La danse subaquatique commence par une sensation très simple : sous l’eau, le corps ne répond plus comme sur terre. Les appuis disparaissent, les gestes ralentissent, les rotations deviennent plus amples et chaque mouvement doit composer avec la poussée de l’eau. Une main ne traverse plus l’espace de la même façon, une jambe ne se déploie plus avec la même vitesse, un simple déplacement demande une vraie maîtrise.
C’est ce qui donne à cette pratique son caractère si particulier. Elle ne consiste pas à reproduire une chorégraphie classique dans une piscine. Elle oblige à inventer un autre langage corporel, plus lent, plus fluide, plus intérieur. Le danseur ne cherche pas seulement à bouger sous l’eau, il apprend à se laisser porter, à contrôler sa flottabilité et à utiliser l’élément aquatique comme un partenaire.


Le souffle au cœur de la discipline

La danse subaquatique repose souvent sur l’apnée.

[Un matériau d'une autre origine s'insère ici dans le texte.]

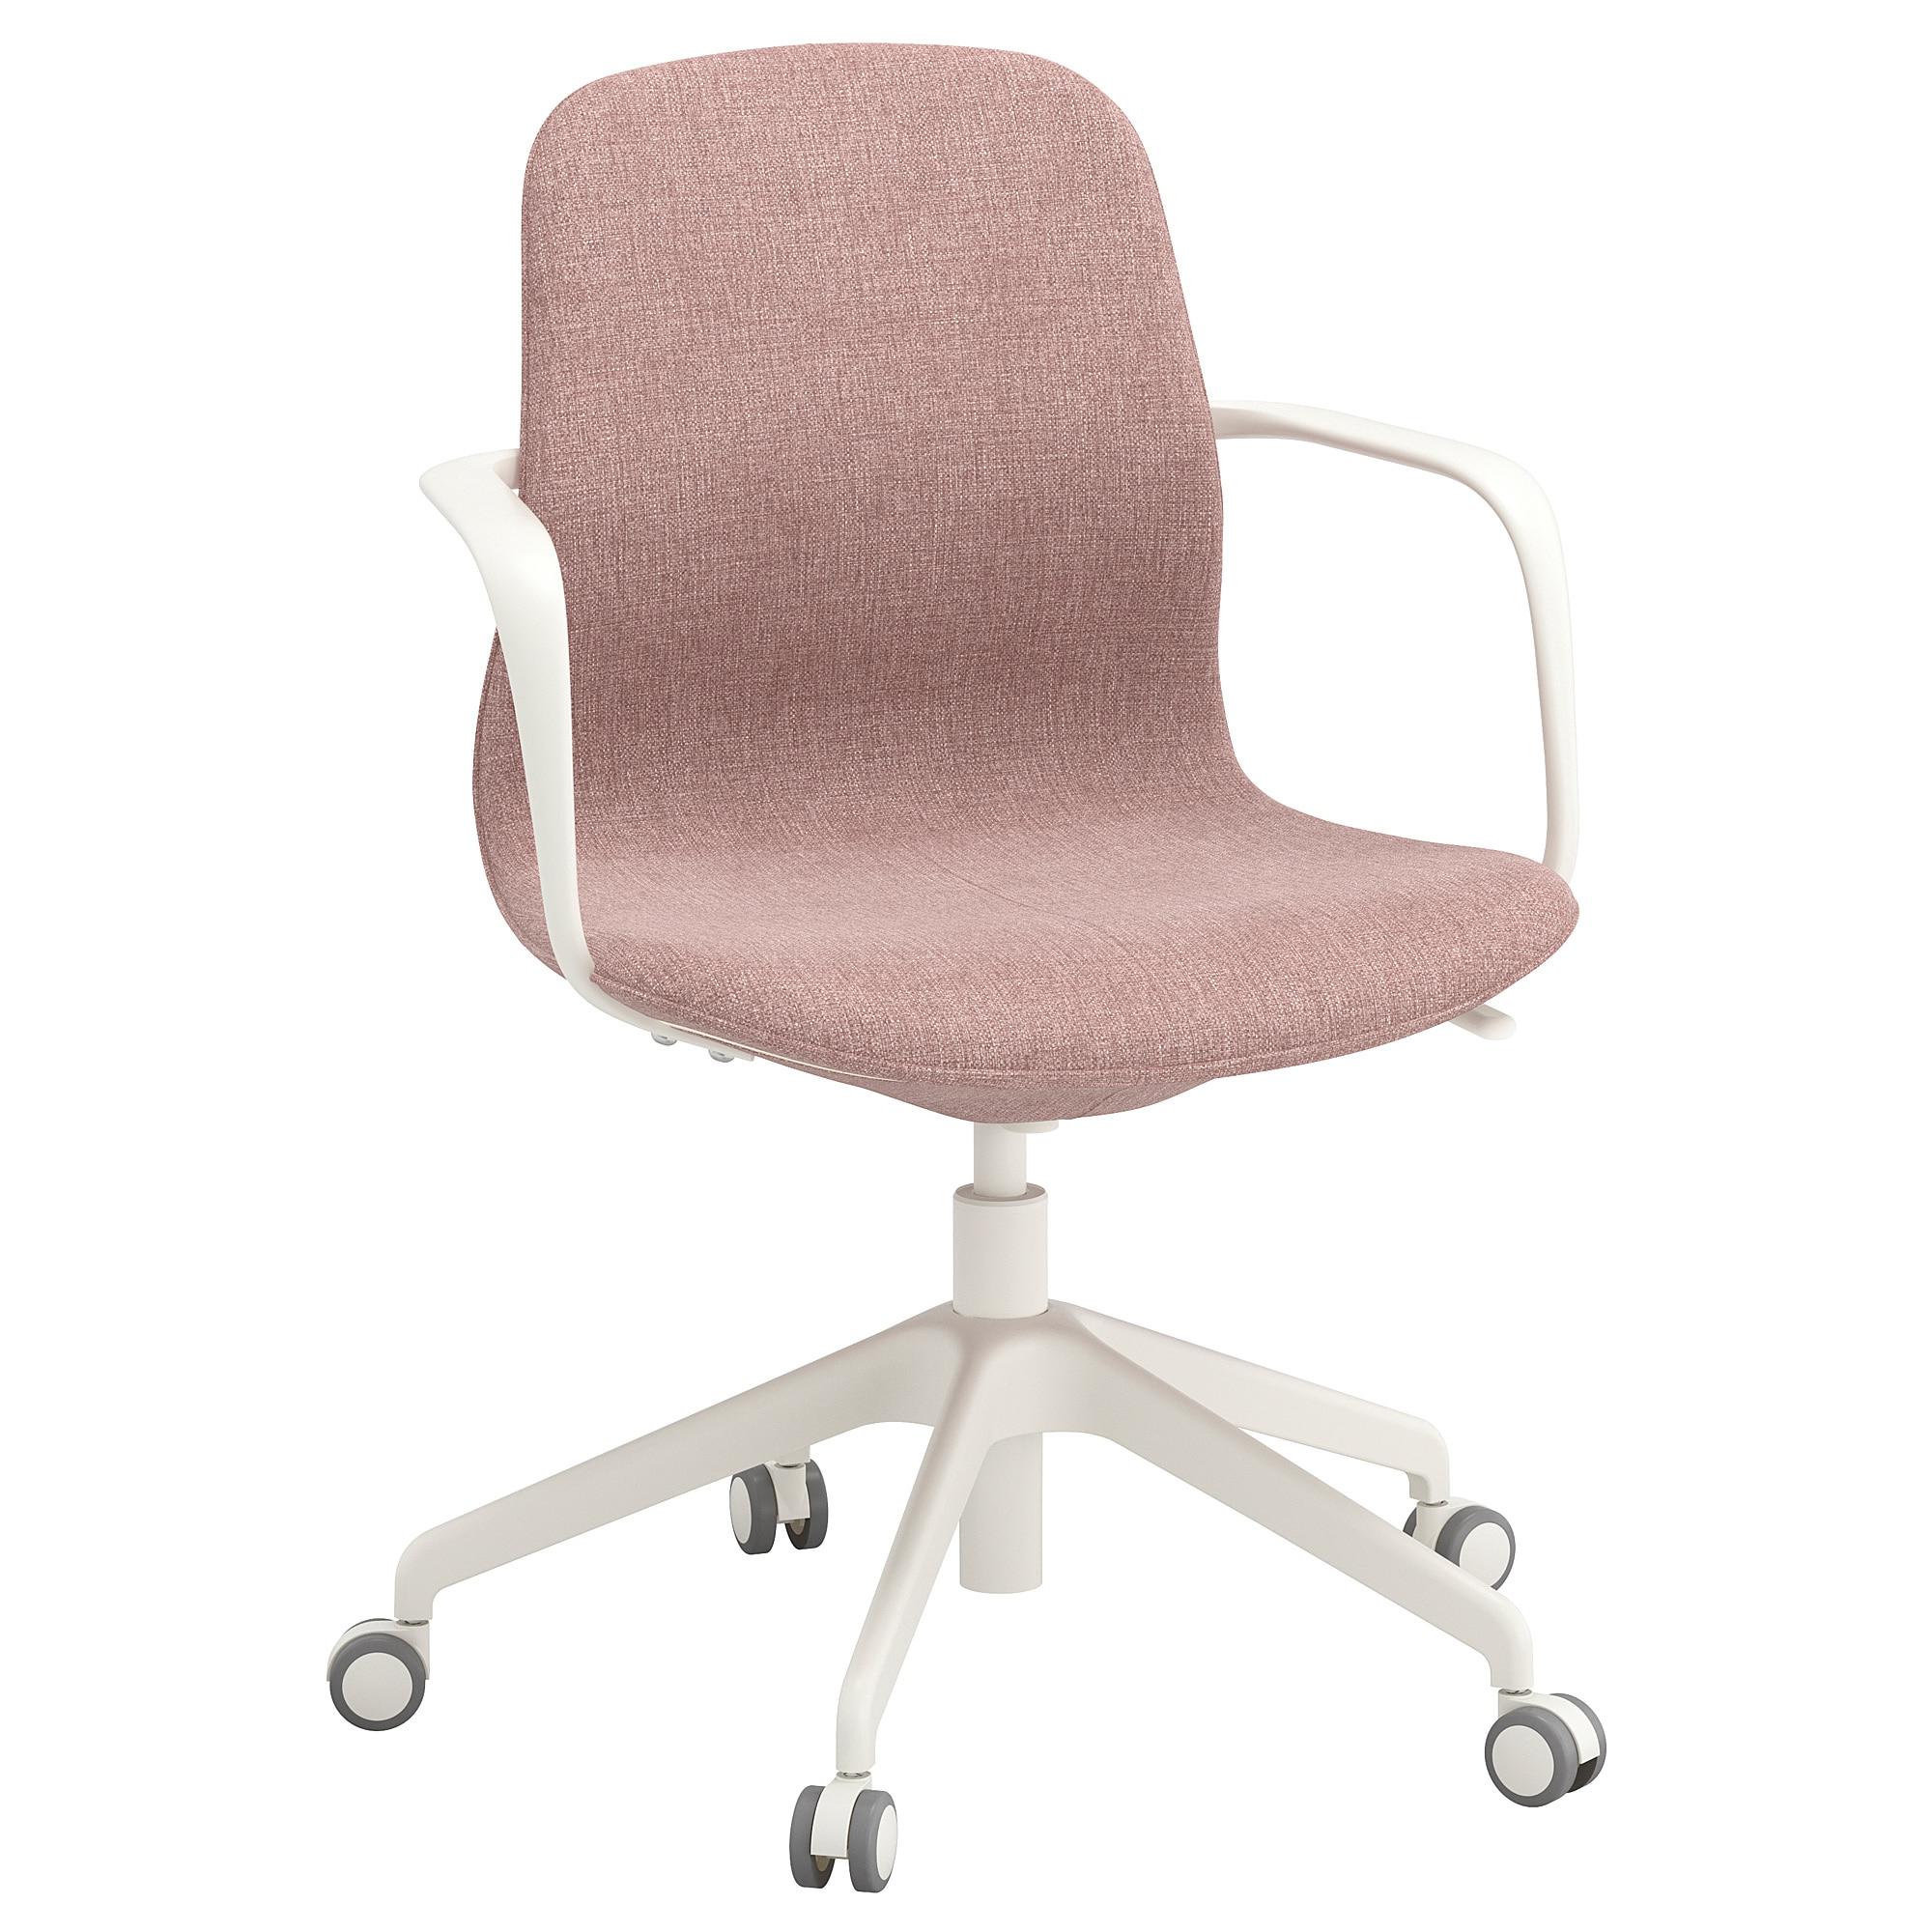 Sillas Despacho Ikea Irdz Sillas De Oficina Y Sillas De Trabajo Pra Online Ikea

Le mouvement doit donc rester précis sans gaspiller d’énergie. Un geste trop brusque, une tension inutile ou une remontée mal anticipée peuvent casser toute la séquence. La difficulté n’est pas de rester longtemps sous l’eau à tout prix, mais de garder un corps détendu, expressif et lisible malgré le manque d’air. Cette discipline demande donc une vraie préparation. Les pratiquants travaillent la respiration, le relâchement, la sécurité et la capacité à évoluer sous l’eau sans crispation. L’objectif n’est pas la performance sportive pure, mais la maîtrise d’un mouvement qui paraît naturel alors qu’il exige beaucoup de contrôle.
Dans une piscine, une fosse ou parfois en milieu naturel, les enchaînements se construisent par petites séquences. On descend, on réalise quelques gestes, on remonte, puis on recommence. Derrière la douceur apparente, il y a une rigueur très concrète : écouter son corps, connaître ses limites et ne jamais pratiquer sans encadrement adapté.

Julie Gautier, une figure qui a révélé la discipline

La danse subaquatique doit beaucoup à Julie Gautier, danseuse, apnéiste et réalisatrice française. Son travail a largement contribué à faire connaître cette forme d’expression, en montrant que l’apnée pouvait être autre chose qu’une recherche de profondeur ou de record.
Dans ses créations, notamment AMA, Julie Gautier donne à voir une danse silencieuse, presque suspendue, où chaque geste semble naître de l’eau elle-même. La performance physique est bien réelle, mais elle s’efface derrière l’émotion. C’est précisément ce qui a marqué le public : le corps ne lutte pas contre l’élément, il semble dialoguer avec lui. Son approche a ouvert une voie à de nombreux danseurs, apnéistes et artistes attirés par cette relation unique entre mouvement, souffle et immersion. La danse subaquatique y apparaît comme une discipline à la fois exigeante et accessible dans son intention : retrouver une manière plus lente, plus consciente et plus sensorielle d’habiter son corps.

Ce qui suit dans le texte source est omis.